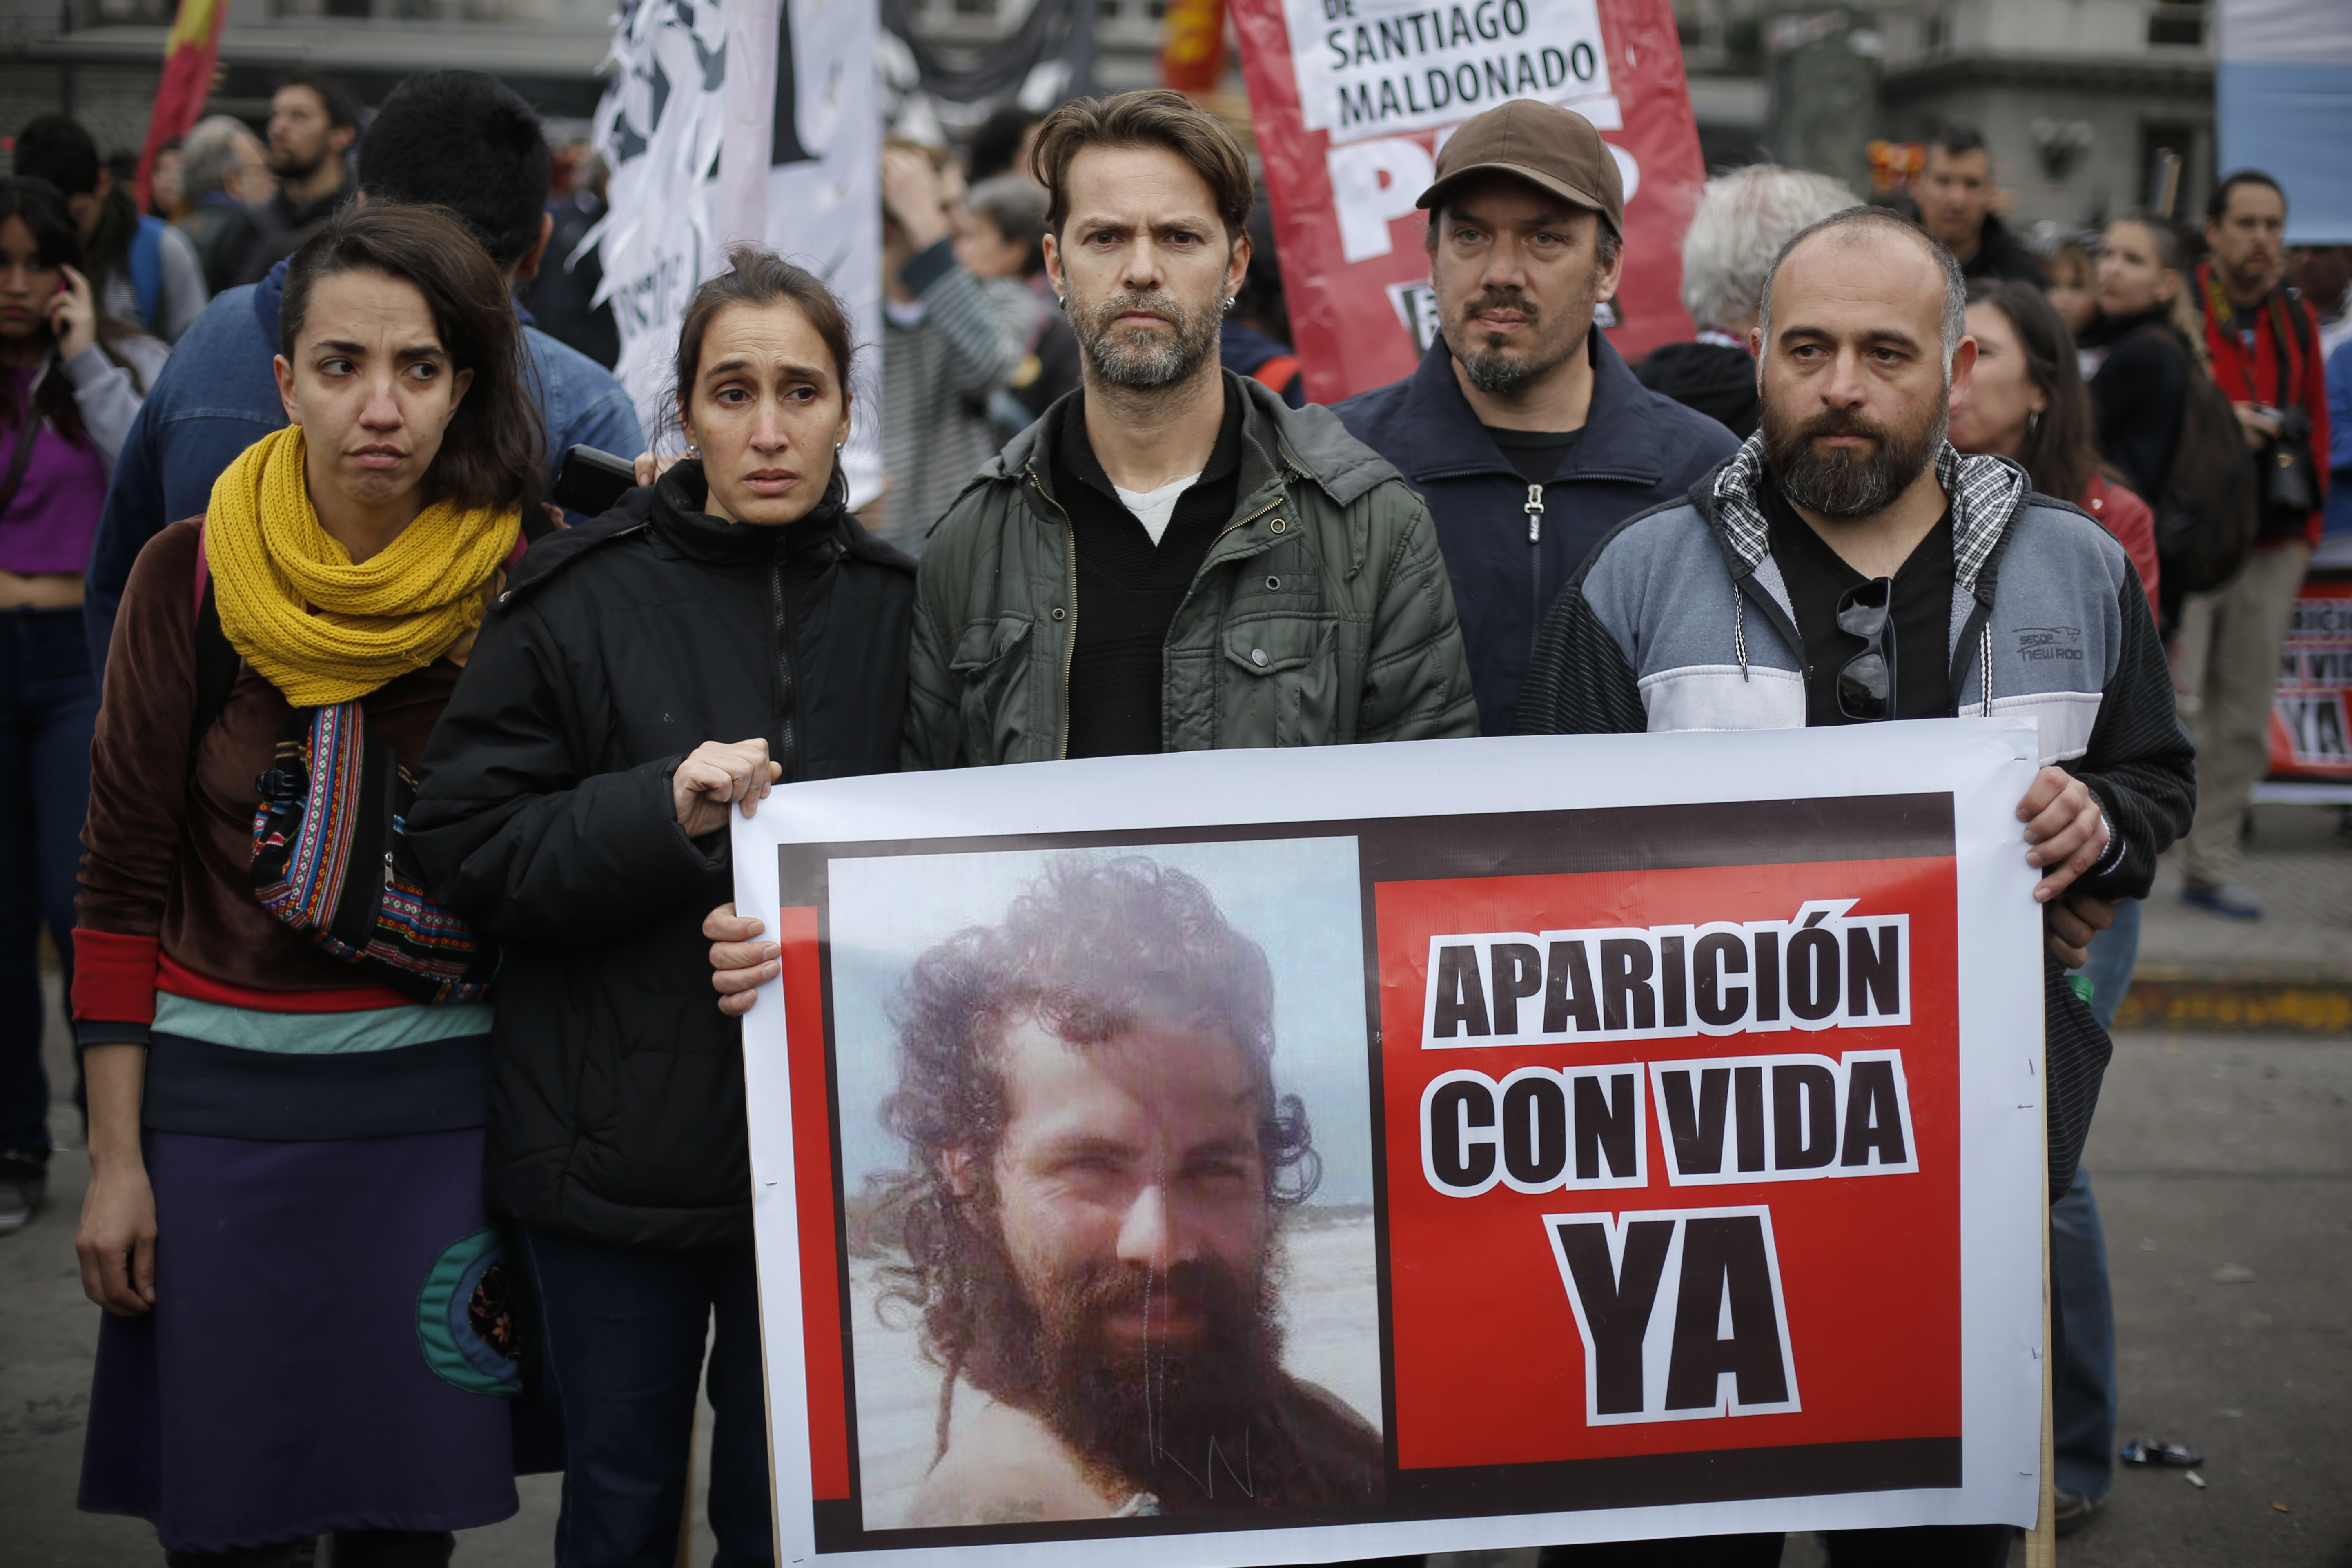 Relatives of Santiago Maldonado, including his brother German, center, and activists, hold photos of Maldonado and the Spanish message 
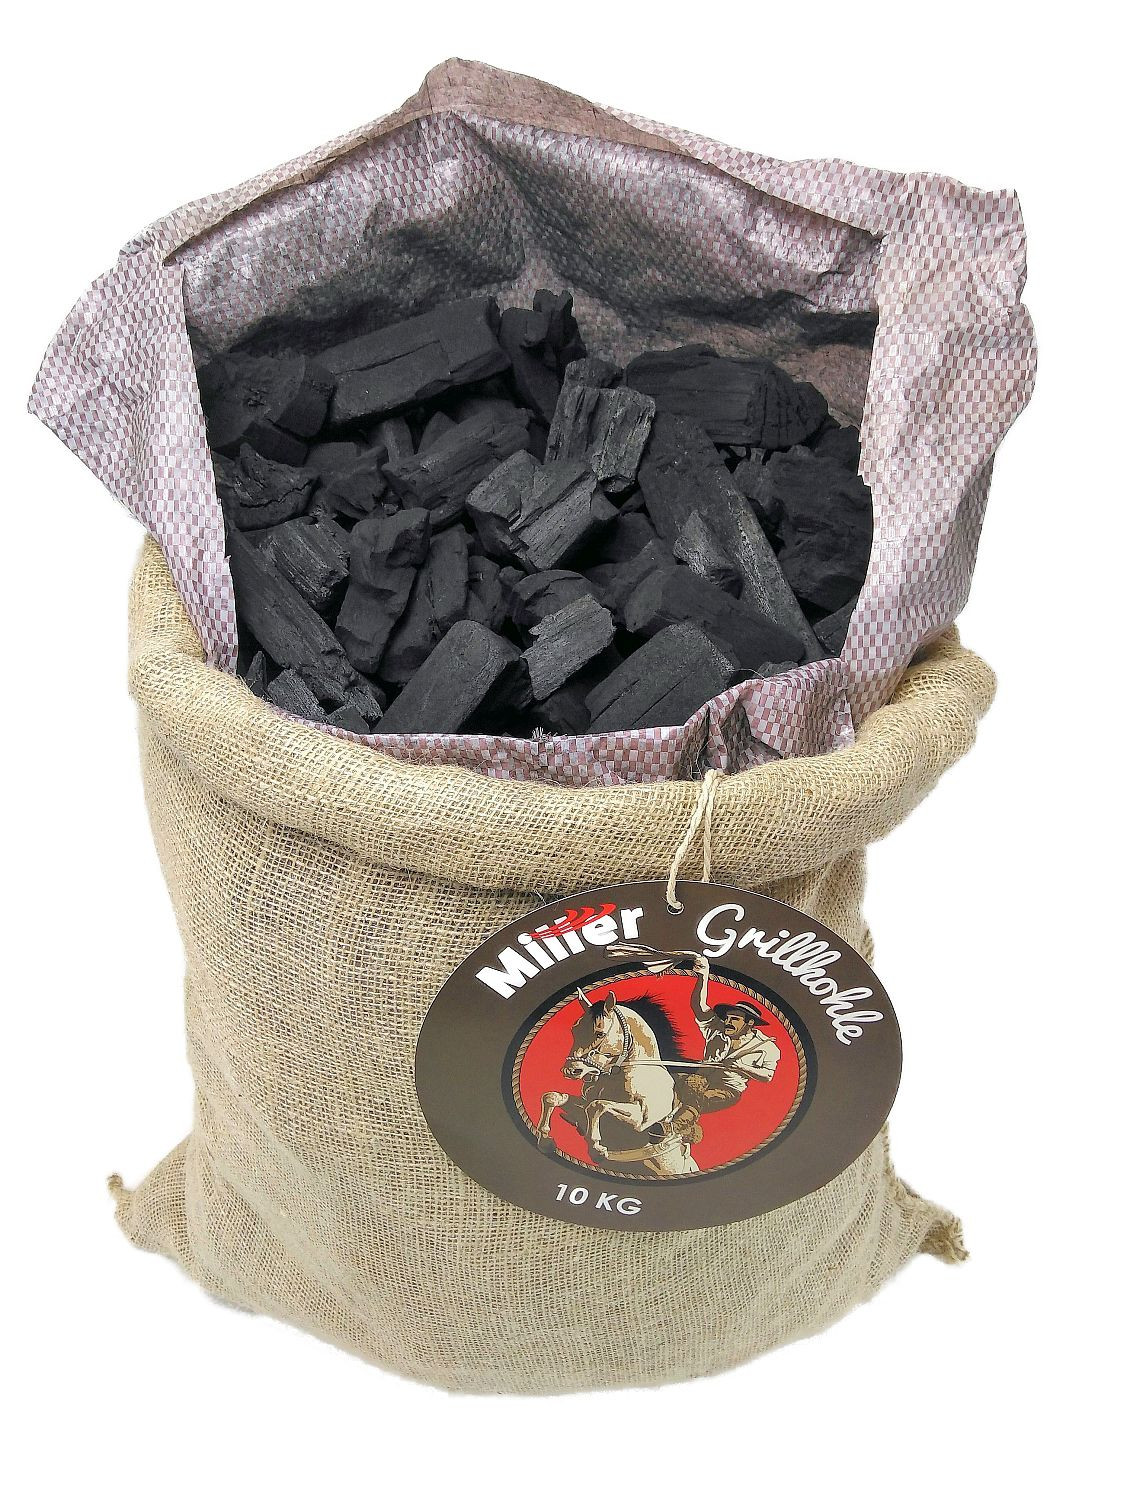 Holzkohle Grillkohle Miller 10kg Sack, nachhaltig, ökologisch, Sozial aus Plantagenanbau 
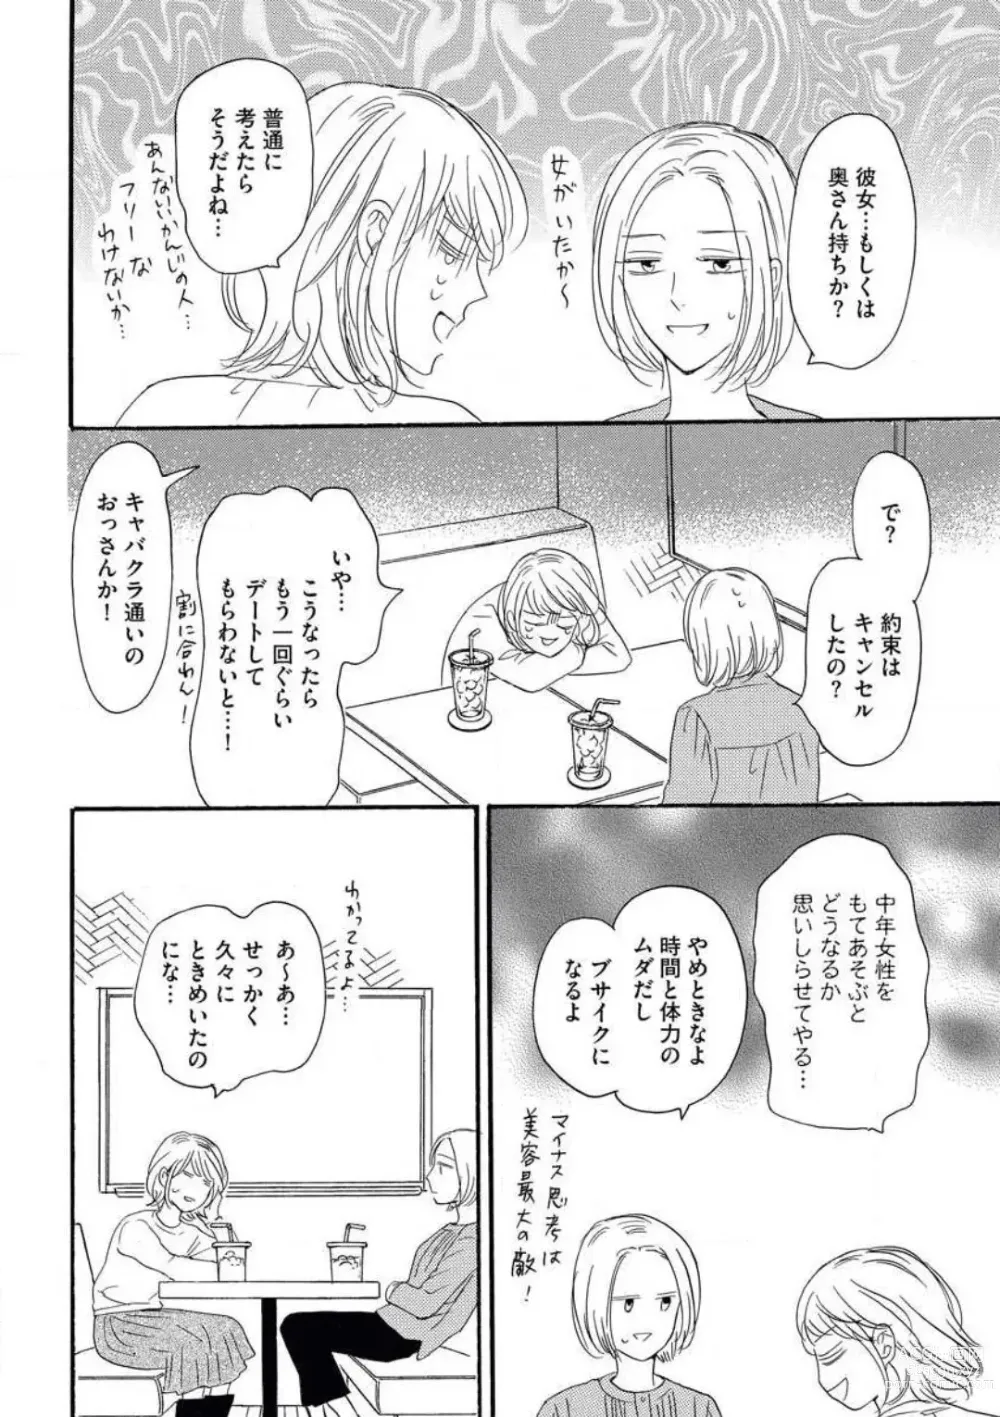 Page 17 of manga Giwaku no Rabu Matchingu

TASK DIRECTIONS: Give back the material above exactly as written, but omit the images.

COMPLETED TASK:
 Relatives of Santiago Maldonado, including his brother German, center, and activists, hold photos of Maldonado and the Spanish message 
 Holzkohle Grillkohle Miller 10kg Sack, nachhaltig, ökologisch, Sozial aus Plantagenanbau 
 Page 17 of manga Giwaku no Rabu Matchingu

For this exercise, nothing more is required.